The blast component is based on another model of Jost et al.25, which was in turn based on the “cytokine-dependent” model of Stiehl et al.22. This component has two compartments, blasts in the bone marrow and blasts in circulating blood. We also implemented a blast component with a carrying capacity based on the sum of healthy proliferating cells and leukemic blasts, as well as a more explicit logistic growth model.

Table 1 lists all the models that have been implemented and their main characteristics. A detailed description of the models including their mathematical formulation can be found in the “Methods” section.

In order to establish a baseline comparison to our ODE-based dynamical models, we also implemented a linear regression model for predicting the neutrophil count at the next time point given the measurements at the current time point. This model takes into account the same basic assumptions as the ODE models, that both venetoclax treatment and blast levels have an effect on neutrophil counts. Details about the regression model and its variables are described in the “Methods” section.

Model fitting results

First, we selected all patients with at least three treatment cycles for modeling, resulting in 71 patients (see "Methods" for patient selection). For each model, we attempted to fit the model to each patient’s neutrophil counts and blast percentages. Models were fit using a maximum a posteriori approach in order to find the parameter estimates with the greatest log-likelihood of the observed data. More details on model fitting are described in the “Methods” section. An illustration of fitted results from one AML patient is shown in Fig. 1b.

To compare the results across different models and patients, we used two metrics: the fraction of variance unexplained (FVU), which is calculated as \(1-{R}^{2}\), where \({R}^{2}\) is the coefficient of determination between the model prediction and the observed data, and the root mean square error (RMSE), which is calculated as the square root of the sum of squared differences between the model prediction and the observed data (see the “Statistical analysis” subsection in “Methods” for more details). Because patients have different ranges for their neutrophil counts, FVU can be a better control compared to using RMSE when making comparisons across patients.

Of all the models that we compared, including the linear regression model, M2c had the best performance across all patients for the prediction of neutrophil counts based on the FVU (Fig. 1c), with a median FVU of about 0.46. This model had a simplified (on-off) drug component, a neutrophil component that included direct inhibition from blasts, and a simplified blast model with logistic growth. M2b_w had a similar overall performance as model M2c, with a non-significant difference in performance. The other models had higher errors, with the median FVU around 0.7–0.8. To compare performance across models, we used a one-sided pairwise Wilcoxon signed-rank test of FVUs for all patients with each pair of models followed by a false discovery rate correction (Benjamini–Hochberg procedure). The results showed that models M2c and M2b_w had significantly lower FVUs compared to all other models (Fig. 1d). Results for RMSE comparisons are shown in Supplementary Fig. 1. In terms of RMSE, we found that M2c, M2b_w, and M1b_w had similar performances, and were significantly better compared to other models. Comparing M2c with the linear regression model, we found that M2c had significantly lower FVU and RMSE (Supplementary Fig. 2). We used M2c for further analyses in this paper. We expect that the M2c model could serve as part of an AML patient digital twin, helping to forecast therapeutic toxicity.

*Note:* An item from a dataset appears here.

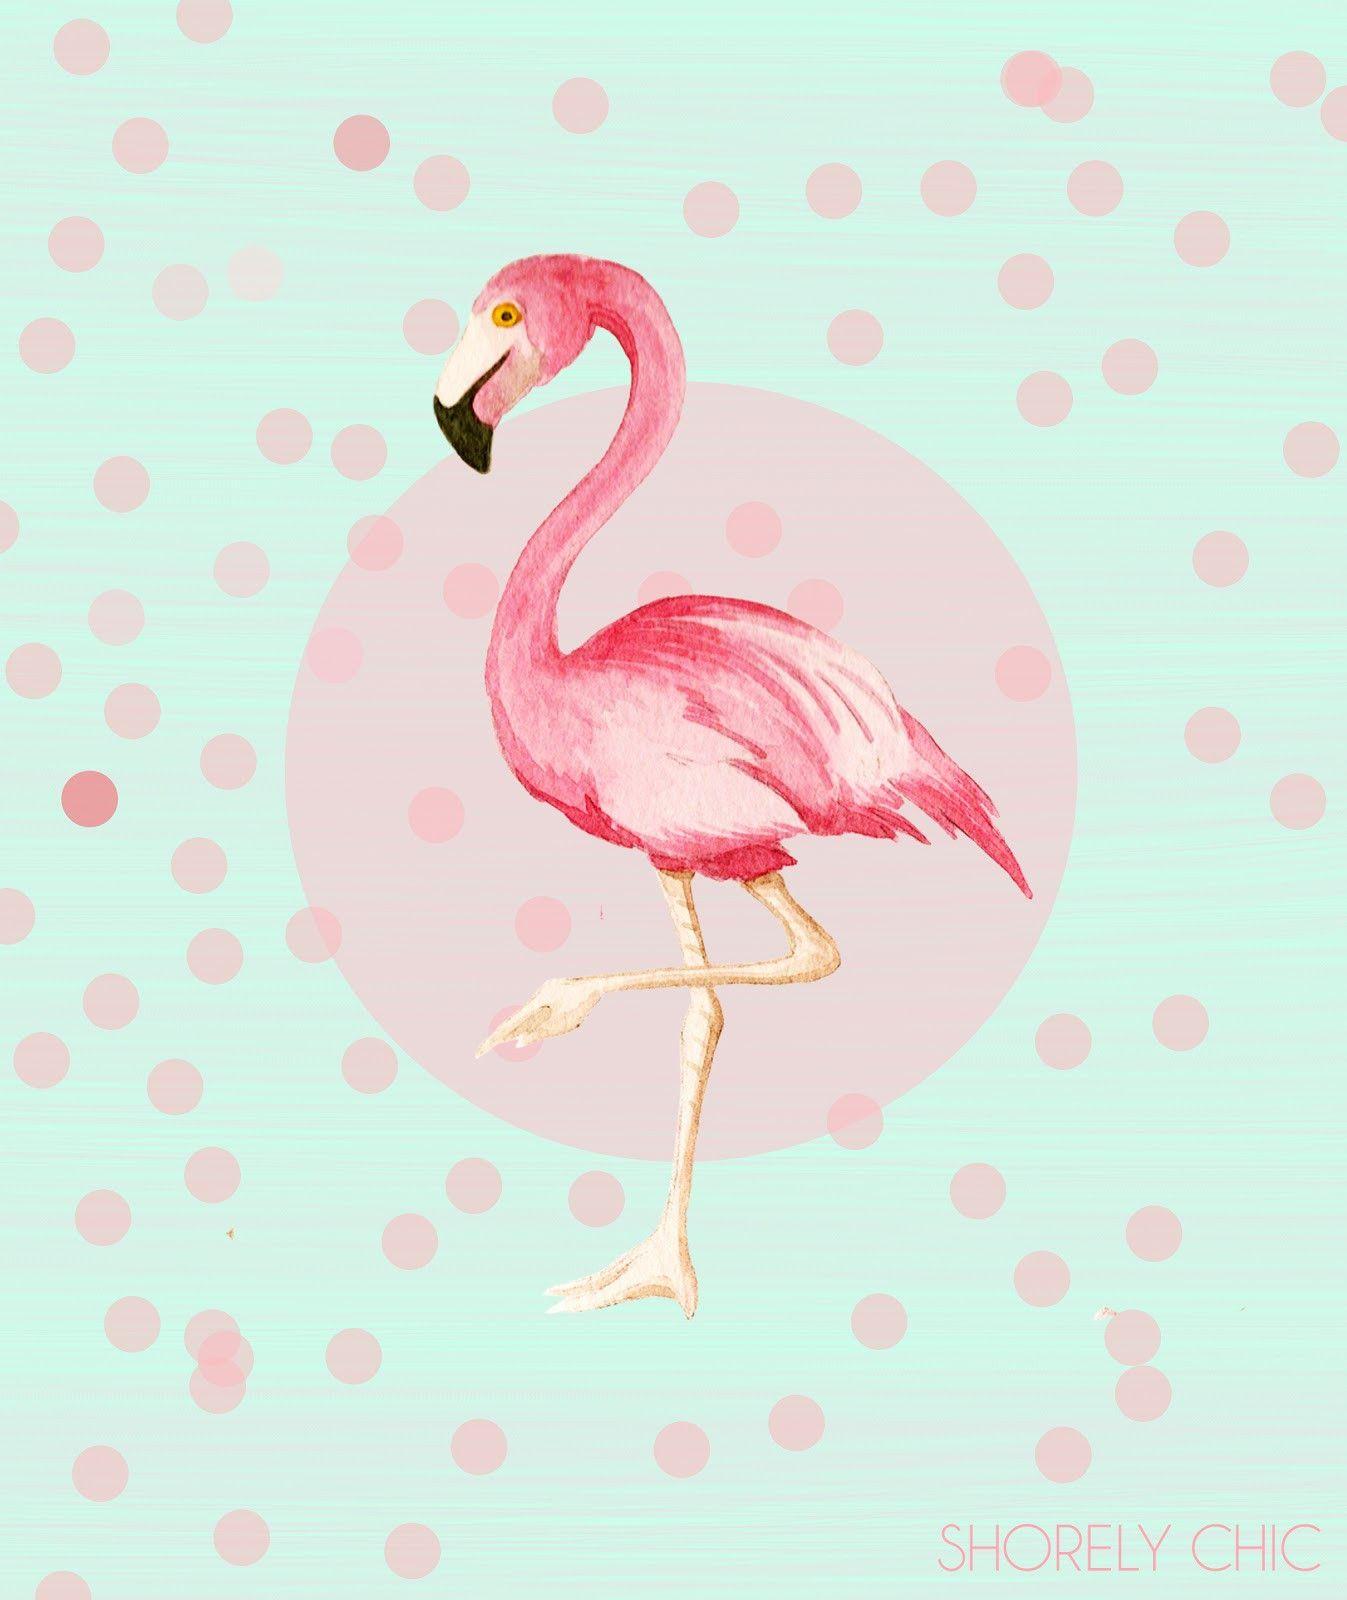 Home decor accessories heyla uk screen savers for Flamingo dekoration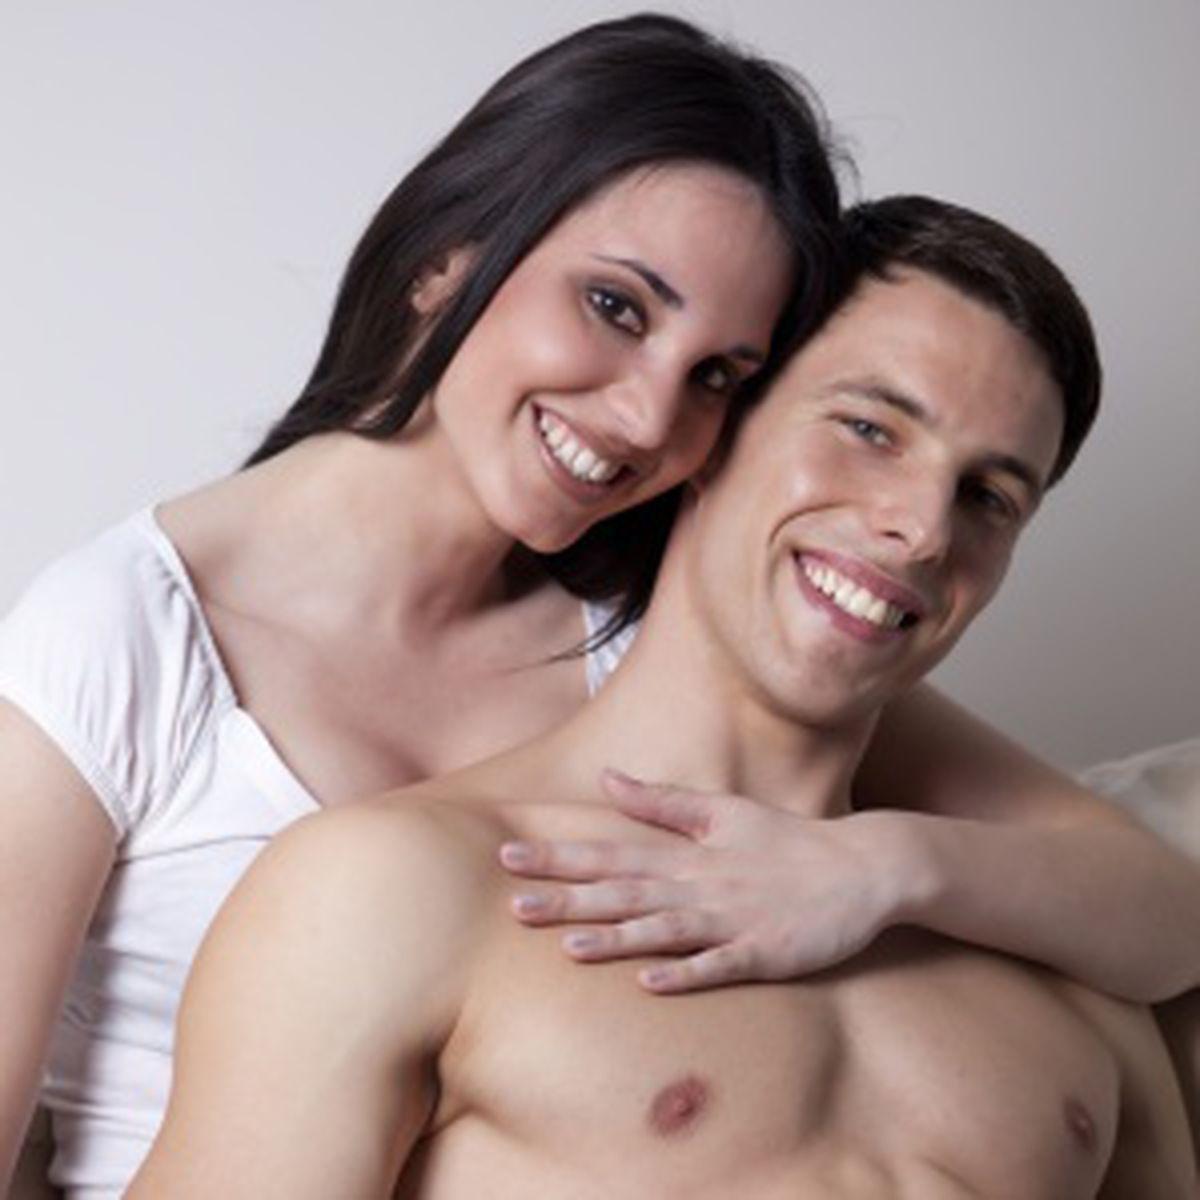 11 mituri despre sanatatea barbatilor | go2dent.ro

Patient characteristics affect model goodness of fit

Although the M2c model shows the highest accuracy among all the models we investigated, the performance of the model varies greatly across patients (Supplementary Fig. 3). In order to better understand why certain patients had better model fit and to stratify patients who could be better represented using different models, we investigated a number of clinical factors and model assumptions, and built additional statistical models to predict ahead of time whether or not our model would be a good fit for a given patient.

One of the most important assumptions behind the ODE models for toxicity is what we call Assumption 1, which is that treatment with venetoclax and azacitidine causes neutrophil count to decrease during treatment, while neutrophil counts will recover after the end of a treatment cycle. For some of the models, another key assumption is Assumption 2, which is that leukemic blasts have an inhibitory effect on the production of neutrophils. This assumption is rooted in the fact that AML is known to cause neutropenia, with inhibition by blasts being one potential mechanism35. Since some of these assumptions are not necessarily true for all patients, we tested whether these hypotheses are true for individual patients, and compared model accuracy for groups of patients stratified by the hypotheses.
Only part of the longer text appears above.